Okay, that's. And maybe that's right. That's what. So it's very easy to send something of this size to a. Call it a real estate escrow account, but it's got to be a real estate escrow company and a lot of banks are tightening down on this if you want to send it to a trust account.
Doesn't fit within the box. Yep, yep.
[01:40:38 - 01:40:42]
Will Smith: Well, that would have been unfortunate. So great, great tip.
[01:40:42 - 01:40:52]
Andrew Kurzrok: Yeah, it's a small thing, 10% of teapot.
You would solve it. Everybody solves it. But when you're getting down to the end of the deal, make sure you watch that little data point.
[01:40:53 - 01:40:56]
Will Smith: By the way, you mentioned Heather. Did you use Heather?
[01:40:56 - 01:40:57]
Andrew Kurzrok: I did.
[01:40:57 - 01:40:58]
Will Smith: Heather Anderson.
[01:40:58 - 01:40:59]
Andrew Kurzrok: Heather's wonderful.
[01:41:00 - 01:41:36]
Will Smith: And she does monthly webinars with us where she talks about unpacking, tax, all things related to financing your SBA acquisition. Very experienced and successful.
And a really wonderful T shirt as well. The. The last. Also minor, but I want to leave the audience or double click on something you said. The Small Business Development center, sbdc.
These are SBA run kind of chapters, physical locations, offices where you as small business owner, prospective small business owner can go and access resources. Like industry reports, right?
[01:41:36 - 01:41:42]
Andrew Kurzrok: Yes. You nailed it. They are incredible resources.
I am a huge proponent of them.
[01:41:43 - 01:41:45]
Will Smith: Did you go to the one over here at George Mason? Is that where ours is?
[01:41:45 - 01:41:46]
Andrew Kurzrok: Yes.
[01:41:46 - 01:41:47]
Will Smith: Yeah.
[01:41:47 - 01:42:23]
Andrew Kurzrok: The team over there is amazing. They also support and provide a location for Northern Virginia, Basically a search meetup that's run by Justin Willis. It's a phenomenally supportive community and facility. And I mean the, the research that, that they were able to get me access to was. Yeah, if you're at a big company, it's thousands of dollars to get these research reports.

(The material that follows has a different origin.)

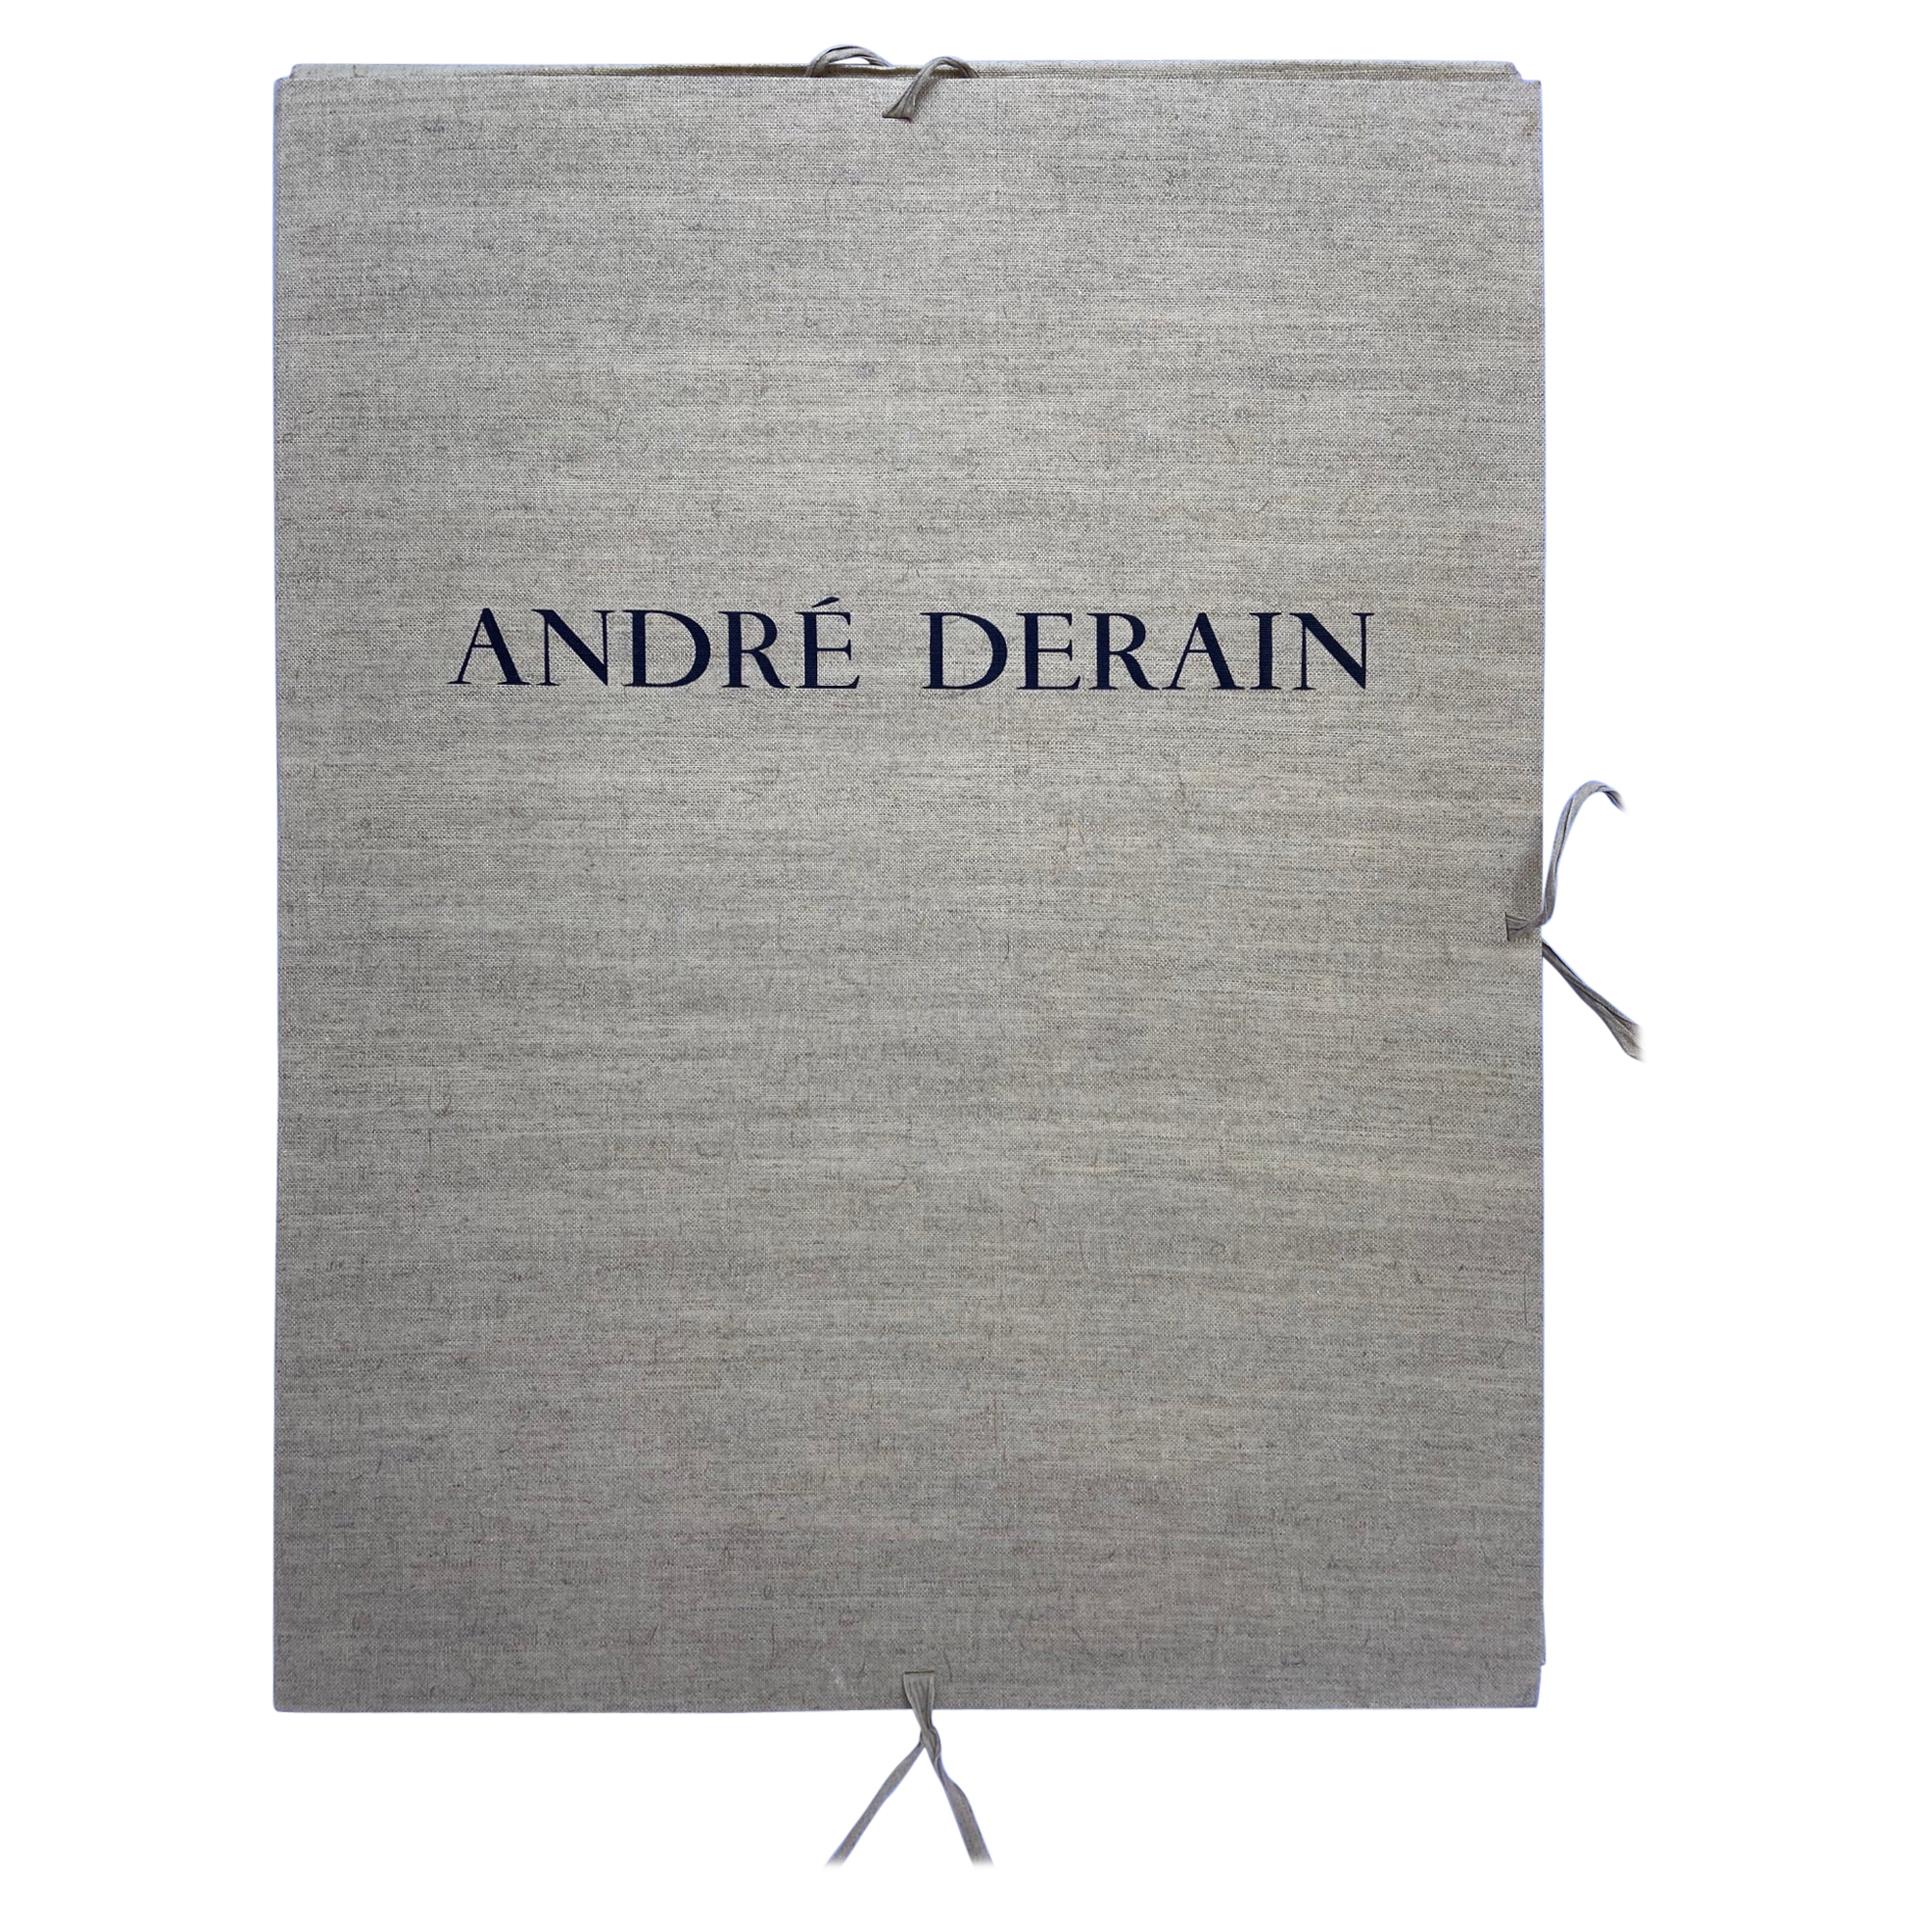  André Derain, Canvas Portfolio, Pierre Levy Collection, 1970

You know, it's just what's the steel industry doing in the United States? So Huge, huge opportunity to get really high quality research at a very reasonable price, namely free.
[01:42:24 - 01:42:26]
Will Smith: And is that like an IBIS report sort of thing? Yeah.
[01:42:26 - 01:42:54]
Andrew Kurzrok: So there were a couple.
There was IBIS World, there was icfo and look, are these reports the end all be all? No, they're not. But two things. One, when you're working on your financial model for your SBA loan, it's really helpful to be able to cite, you know. Well, I think these growth rates are reasonable because here's a well respected report.
And two, it helps you sanity check, you know, what your own either the sims, you know, visions of grandeur or your own visions of grandeur are with. Hey, here's one other data point.
[01:42:55 - 01:43:02]
Will Smith: Great. I didn't realize that those reports were available for free via SBDCs. That alone is a reason to go connect with them.
[01:43:02 - 01:43:04]
Andrew Kurzrok: Yeah. Amazing, amazing resources.
[01:43:05 - 01:43:28]
Will Smith: Andrew Kurzrok thank you for sharing with the audience a really thoughtful, as I as I keep saying, analysis of of this path and how you executed. Congratulations on being in a business that you're obviously really excited to be in today. We'll look forward to your updates over 2026 and beyond and we'll provide a link to your LinkedIn in the show Notes.
[01:43:28 - 01:43:29]
Andrew Kurzrok: Will thank you very much.
[01:43:30 - 01:44:14]
Will Smith: Hope you enjoyed that interview.